Was macht ein gutes Service-Storyboard aus?
Ein wirkungsvolles Service-Storyboard hat fünf Elemente [1] [3]:
1. Einen konkreten Protagonisten. Nicht “der Kunde”, sondern eine Person mit Name, Alter, Kontext und einem spezifischen Bedürfnis. “Maria, 34, Produktmanagerin bei einem Automobilzulieferer, will zum ersten Mal die neue Banking-App nutzen, um eine Firmenüberweisung zu tätigen.” Je konkreter der Protagonist, desto stärker die Empathie.
2. Einen Auslöser. Was setzt die Geschichte in Gang? Welches Ereignis bringt den Protagonisten dazu, den Service zu nutzen? “Maria hat eine Rechnung auf dem Schreibtisch, die heute bezahlt werden muss.”
3. Eine Sequenz von 6-12 Schlüsselmomenten.
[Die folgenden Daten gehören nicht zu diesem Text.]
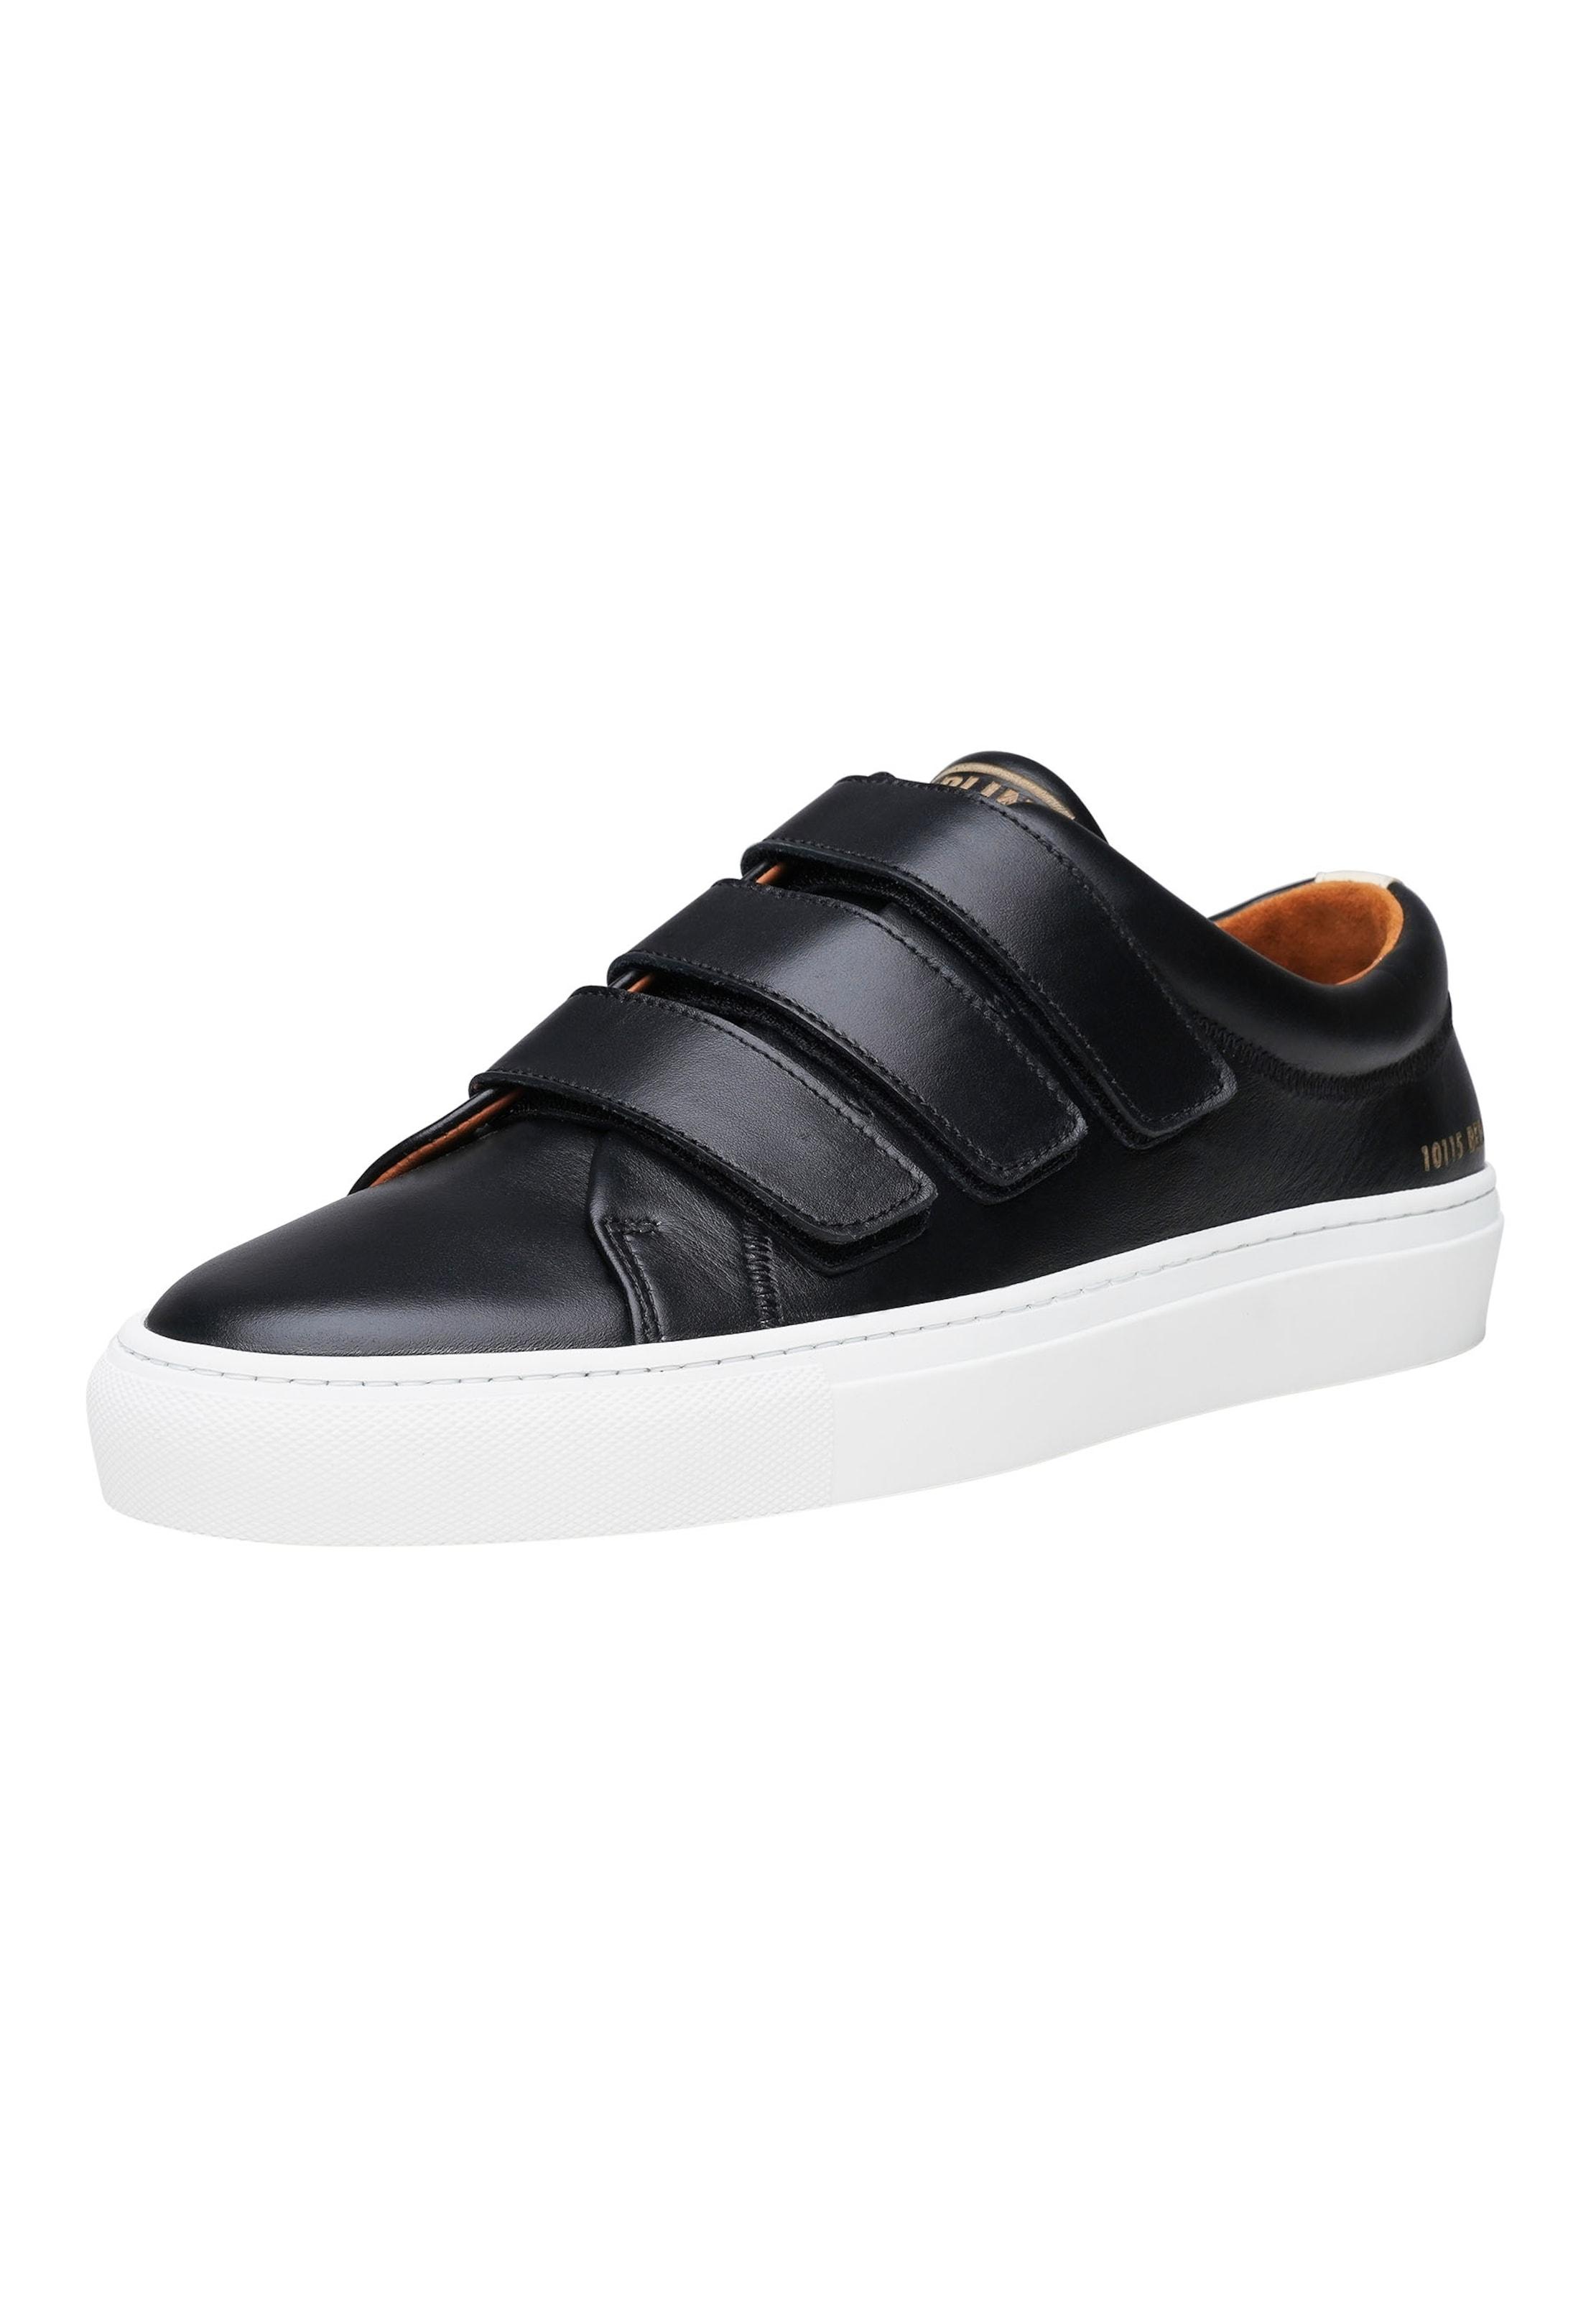 'no71 Schwarz In Sneaker Ms' Shoepassion ZTPkiuOX

Jedes Panel zeigt einen Moment der Service-Erfahrung. Zu wenige Panels (unter 6) lassen die Übergänge aus. Zu viele (über 12) machen das Storyboard unlesbar und verleiten zu Detailverliebtheit [1].
4. Einen emotionalen Bogen. Die Geschichte muss eine emotionale Entwicklung zeigen — von der Ausgangslage über den Tiefpunkt (oder Höhepunkt) bis zum Ergebnis. Emotionen werden sichtbar in Gesichtsausdrücken, Körpersprache und Kontextdetails — nicht in Emoticons oder Emoji.
5. Frontstage und Backstage (optional, aber empfehlenswert). Die obere Hälfte jedes Panels zeigt, was der Kunde erlebt. Die untere Hälfte zeigt, was die Organisation tut, um diesen Moment zu ermöglichen. Diese Dualität verknüpft das Storyboard mit dem Service Blueprint und macht organisatorische Voraussetzungen sichtbar.
Zeichenqualität ist irrelevant
Dieser Punkt kann nicht oft genug betont werden: Ein Storyboard muss nicht schön sein. IDEO formuliert: Low-Fidelity-Prototypen laden zu ehrlichem Feedback ein, weil sie veränderbar aussehen [4]. Je professioneller ein Storyboard aussieht, desto weniger Kritik erhält es — nicht weil es besser ist, sondern weil es “fertig” wirkt. Strichmännchen funktionieren. Kritzeleien funktionieren. Was zählt, ist die Klarheit der Geschichte, nicht die Qualität der Zeichnung.
Schritt für Schritt: Service-Storyboard erstellen
Schritt 1: Protagonist und Szenario definieren
Protagonist festlegen: Wer durchlebt die Geschichte? Verwende eine Persona aus deiner User Research oder definiere einen konkreten Stellvertreter. Beschreibe die Person in einem Satz: Name, Rolle, Kontext, Bedürfnis.
Szenario definieren: Was ist die Ausgangssituation? Was ist der Auslöser? Was ist das erwartete Ergebnis? Das Szenario bildet den Rahmen — es definiert Anfang und Ende der Geschichte.
Beispiel: “Herr Kluge, 48, Abteilungsleiter bei einem Mittelständler, nutzt zum ersten Mal die neue digitale Kreditantragsstrecke seiner Hausbank, um einen Investitionskredit für neue Maschinen zu beantragen.”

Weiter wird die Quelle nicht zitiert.